Pattern Support

Difficulty Rating

We’ve been thinking about how to rate the difficulty—or ease!— of our patterns for a while. Simply saying a project is “difficult”, “intermediate” or “easy” feels inadequate. In particular we find that it is misleading to rate a project “easy” when most of it is easy but there might be a tricky bit here or there.

So we did two things:

We created a spread sheet which breaks down all our patterns into steps. We then assessed each step and noted where we thought there may be a trick or two needed for success. (We initially included a category for beaming but found that we marked every pattern easy to beam—both of us use a trapeze and pre-sley in a hybrid back-to-front method— so we felt that our assessment was not relevant.) You can download the PDF of our Difficulty Chart below.

We also gave each pattern a rating from 1 to 10 (easiest to hardest) which expresses our gut feelings about the patterns.

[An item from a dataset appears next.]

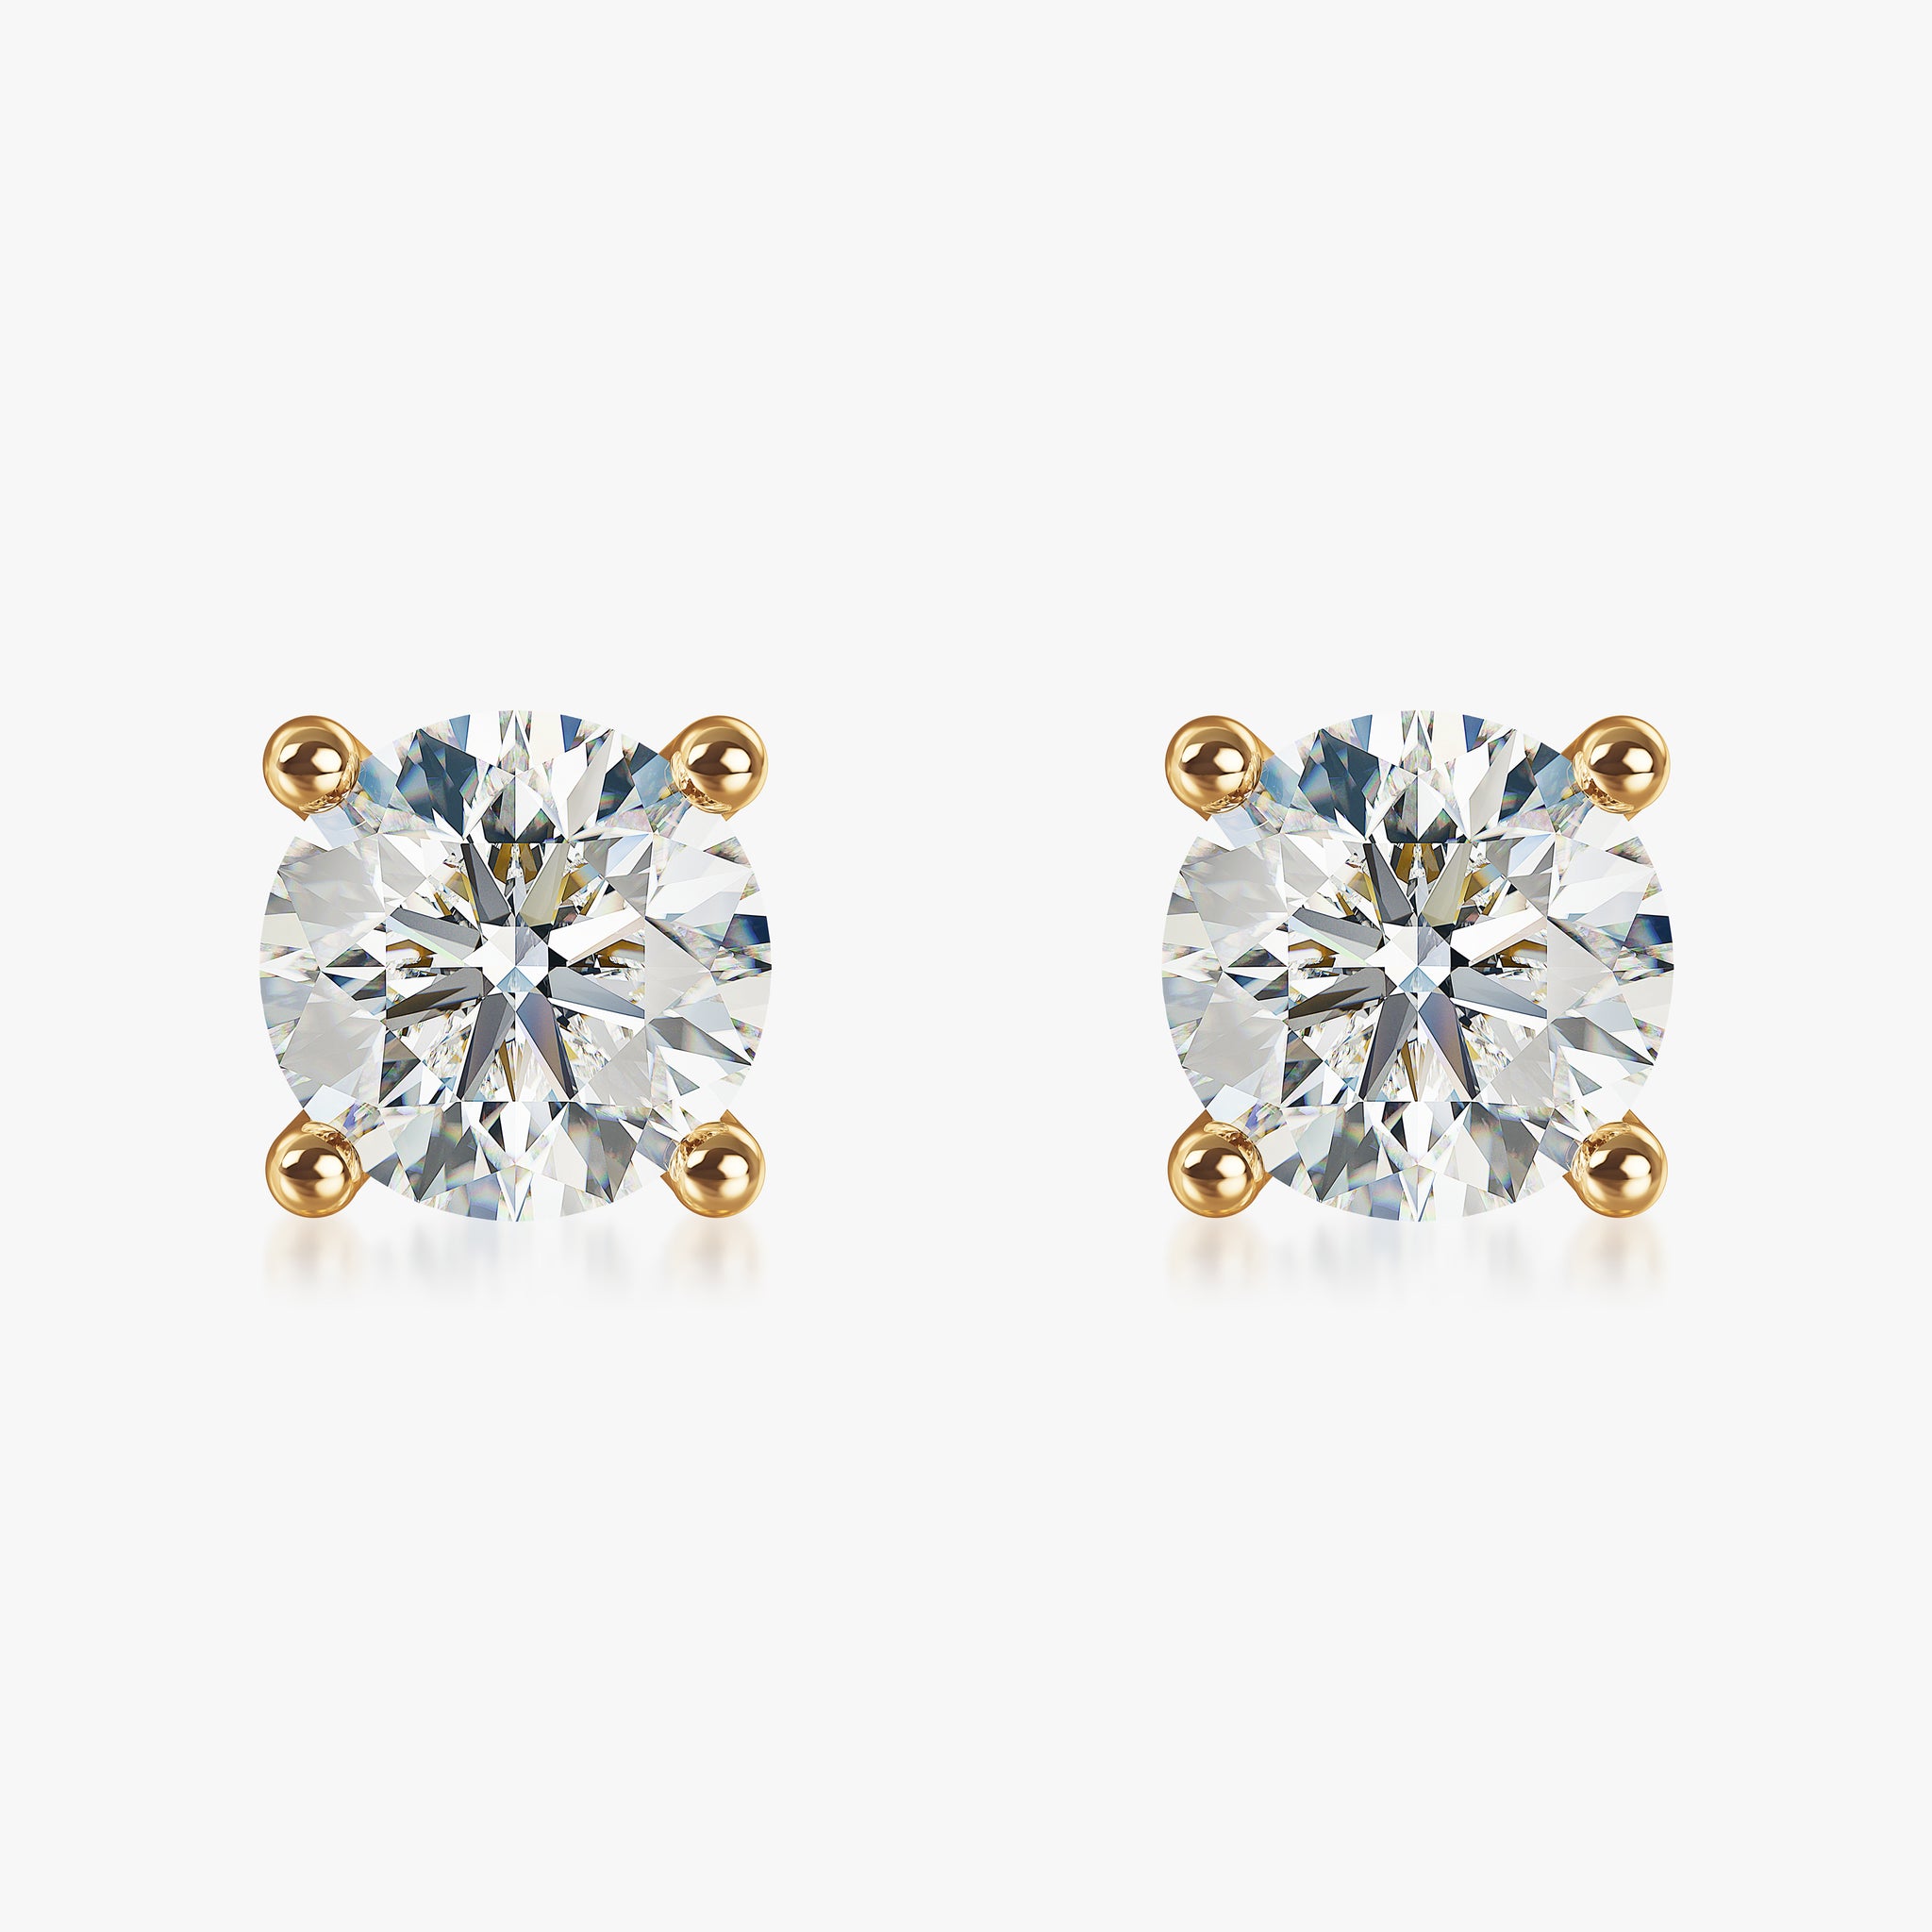 J'EVAR 18KT Yellow Gold ALTR Lab Grown Diamond Stud Earrings with Guardian Backs Front View

These ratings are on the Pattern Gallery info pages.

Here are some terms that we find useful when we think of various weaving processes.

  • Chunkable: some threadings and treadlings appear complicated at first glance, until you recognize their constitutive elements: the chunks. For those patterns, spending the time to find the chunks that make sense to you will help to avoid mistakes.

  • Mixed warps: for warps that are in regular stripes, e.g., 4 ends in Color A and 4 ends in Color B across the warp, it is possible to wind the whole warp with 1 end in A and 1 end in B (or 2 ends in A and 2 ends in B), beam the warp as-is, and form the 4 end stripes when threading. We call such warps “mixed warps.”
    See “Warp Speed: Winding Warps with Multiple Ends in Hand,” Handwoven Spring 2024, page 26, for more details about winding warps with multiple ends

  • Shuttle diving at selvedges (for deflected double weave): how to do this is explained in the patterns where it is required.

  • Use tabby (in tied weaves): picks alternate between a tabby pick (in plain weave) and a pattern pick.

  • # of shuttles: this number indicates how many shuttles are active at the same time. 

  • Color-coded threading: colors change at block changes.

  • Tie-ups: with a standard tie-up, you treadle with one foot for each shed; this tie up can be used on a countermarch loom. With a skeleton tie-up, you will treadle with two feet for each shed; if indicated, we also provide a version of such tie-ups for CM looms.